The Deceptive Nature of Averages

Do not put your faith in what statistics say until you have carefully considered what they do not say. ~William W. Watt

In a 2014 NYU study almost every participant rated their own driving skills as “above average.” It is, of course, impossible for the majority to be “above average.” Averages can be misleading, particularly when they are applied to complex systems. Think of the weather — how many days actually have high temperatures that are the exact long-term average number? Very few. Capital markets are a perfect example of this type of system, where the distribution of outcomes is broad and the shape of the curve exhibits “fat tails” — a higher probability of more extreme results than a normal distribution.

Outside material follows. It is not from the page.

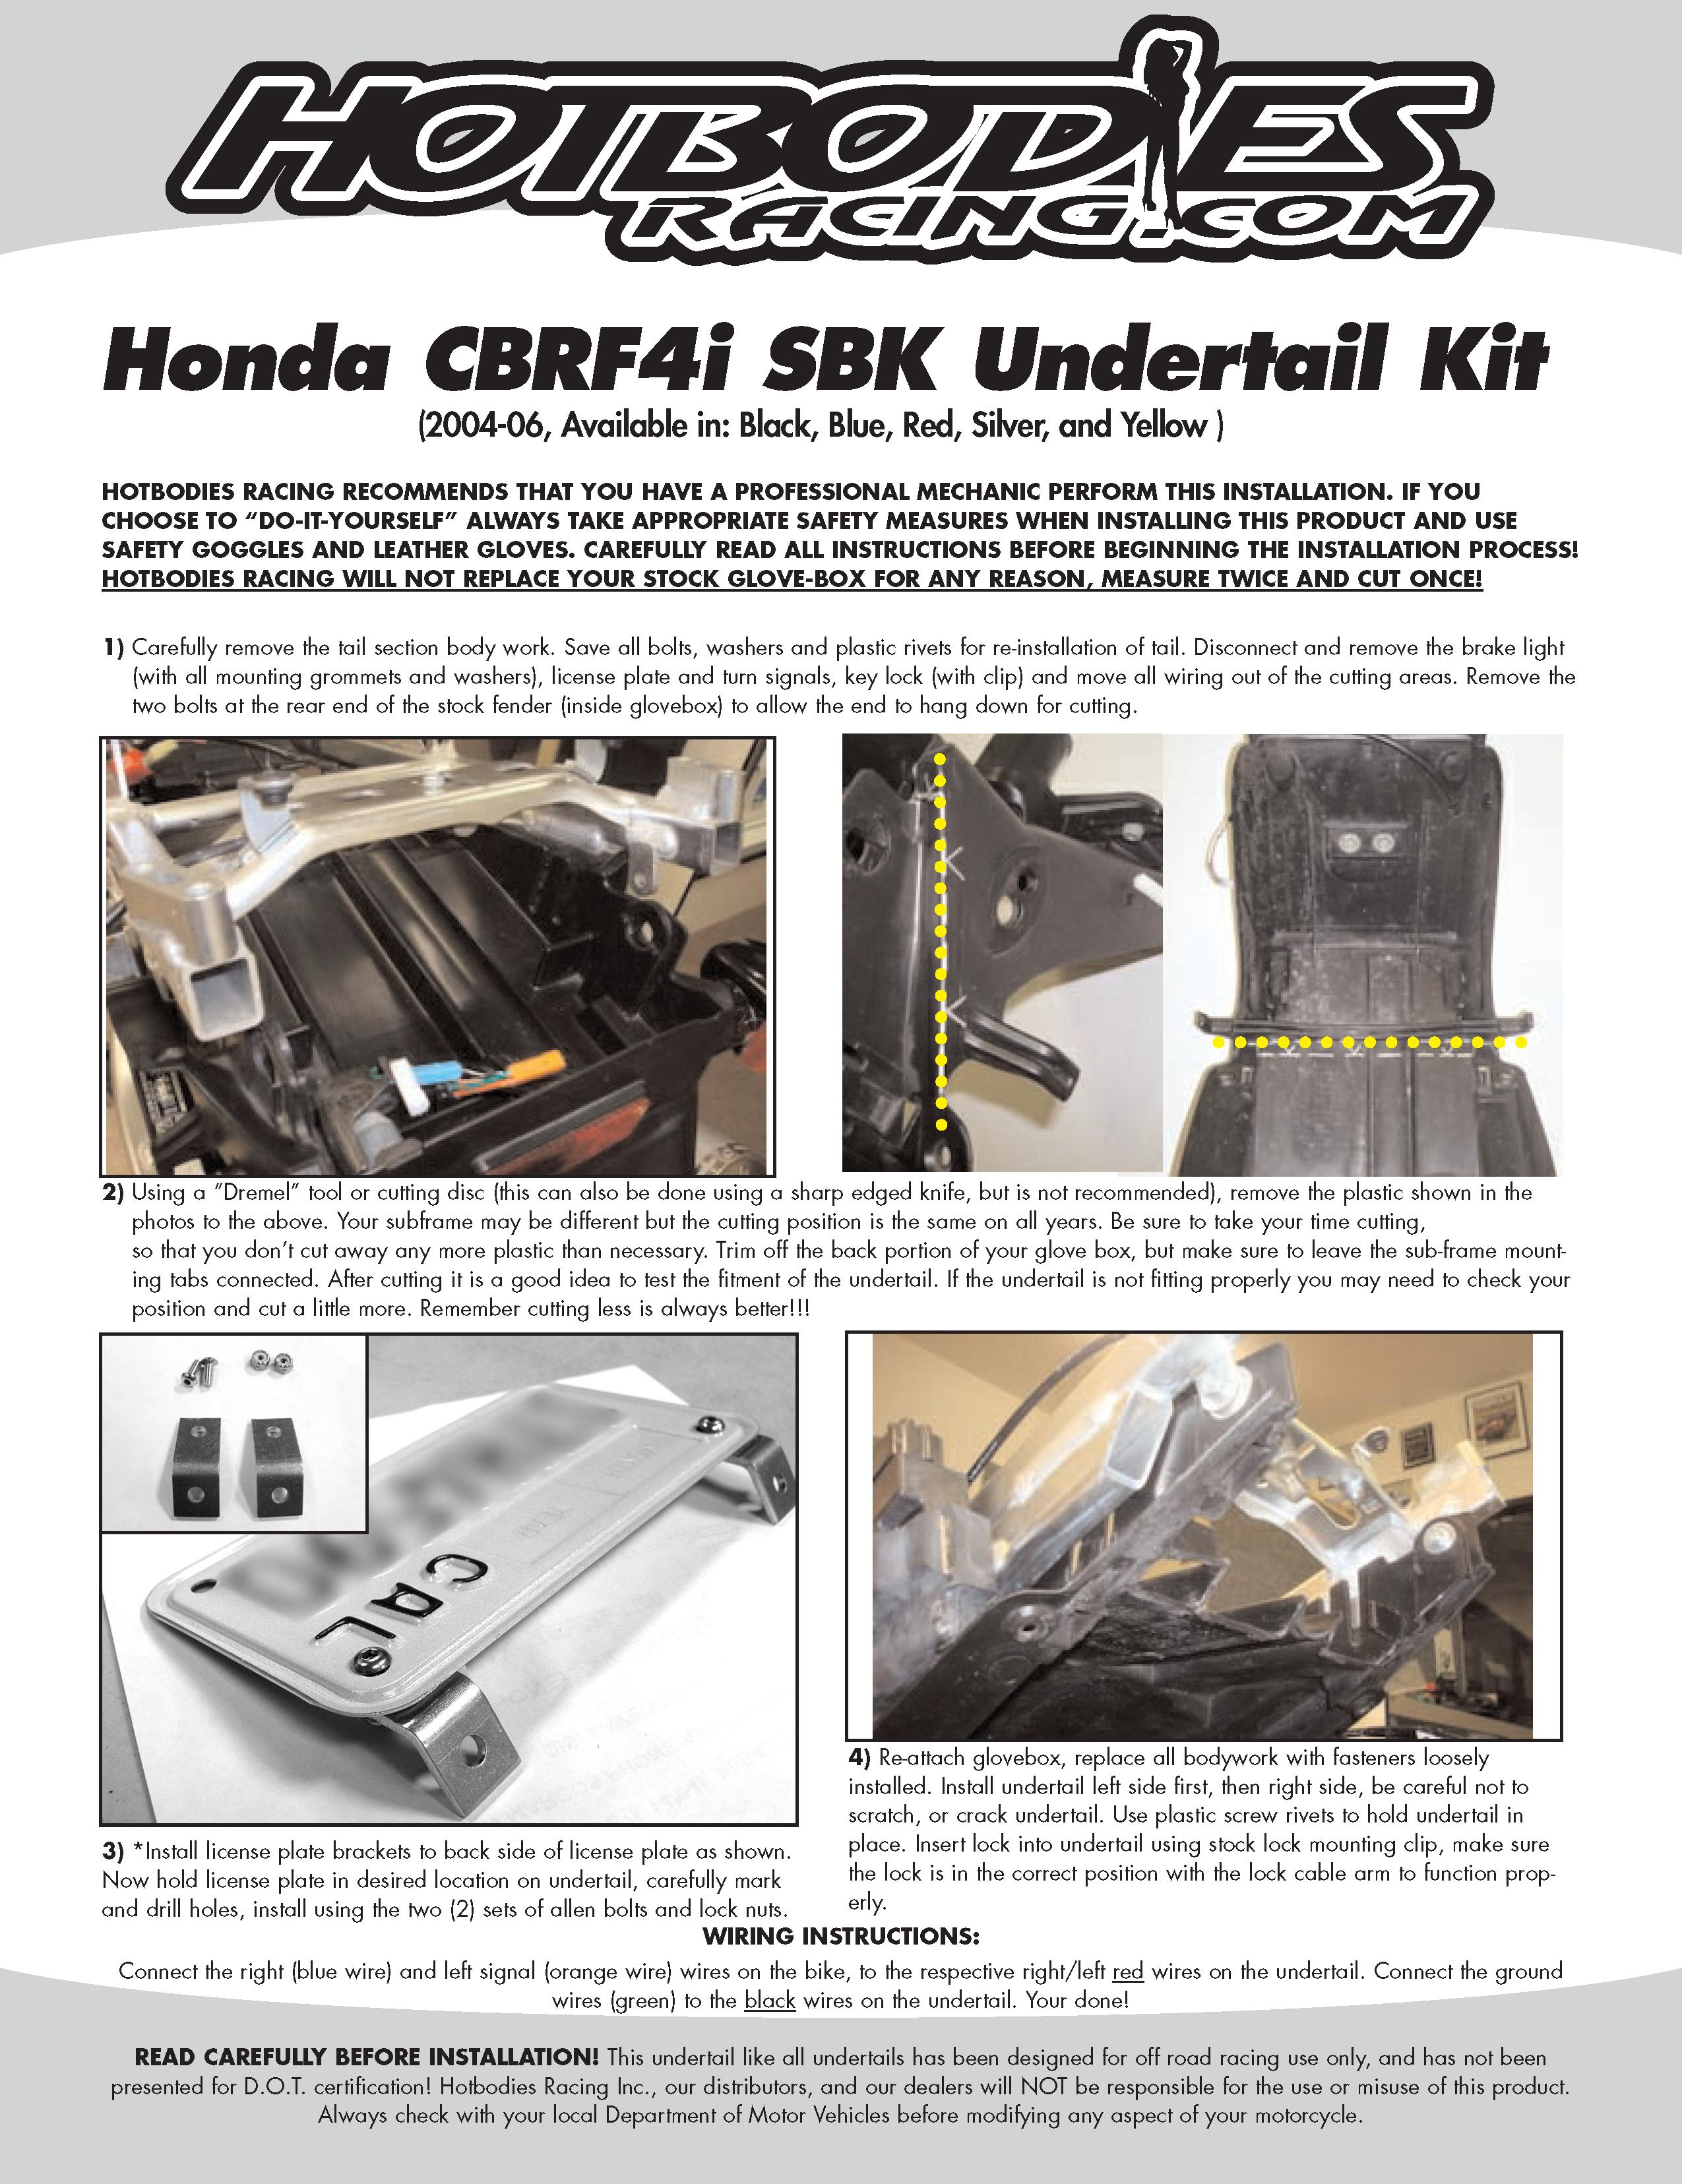 Honda Cbr F4i 2004 06 Installation Yamaha 600 2011 Wiring Diagram Undertail
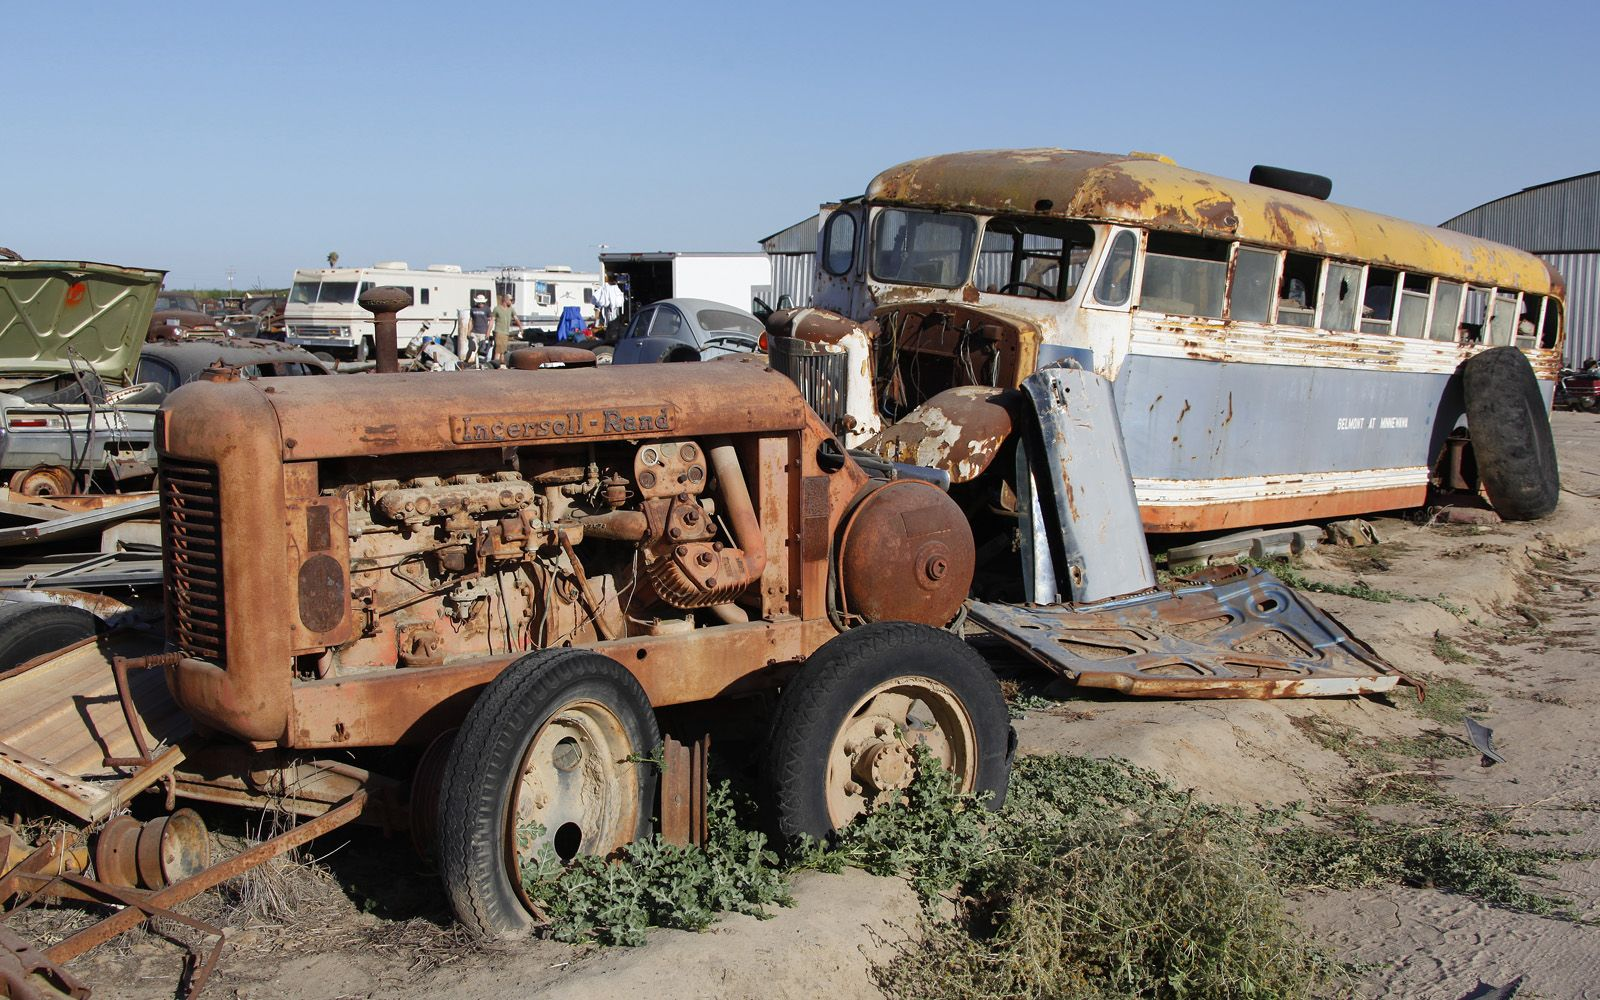 junkyard-vintage-cars-turners-auto-wrecking-fresno-california-150 ...

The Russell 3000 Index is a market cap-weighted index of the 3,000 largest stocks in the U.S. They represent about 98% of the investable U.S. equity market. Over the past 25 years (1993-2017, inclusive), the average annualized return for the index has been 9.72%. So, how many annual periods would we expect to cluster around that number? How many times did the index return fall between 9% and 10% during any year? Zero, zip, nada. It never happened. In fact, the most common result was between 0% and 2%. This is the fallacy of examining an average with only a small number of data points and of using arbitrary calendar-year periods.

So, what happens if we look at more data? Let’s examine rolling 12-month time periods. There are now 289 observations, and we find the annualized return falls within 9% and 10% a bit more often — about 2.4% of the time. Still, likely a lot less than what most of us would expect — and, the distribution of returns still looks nothing like a bell curve.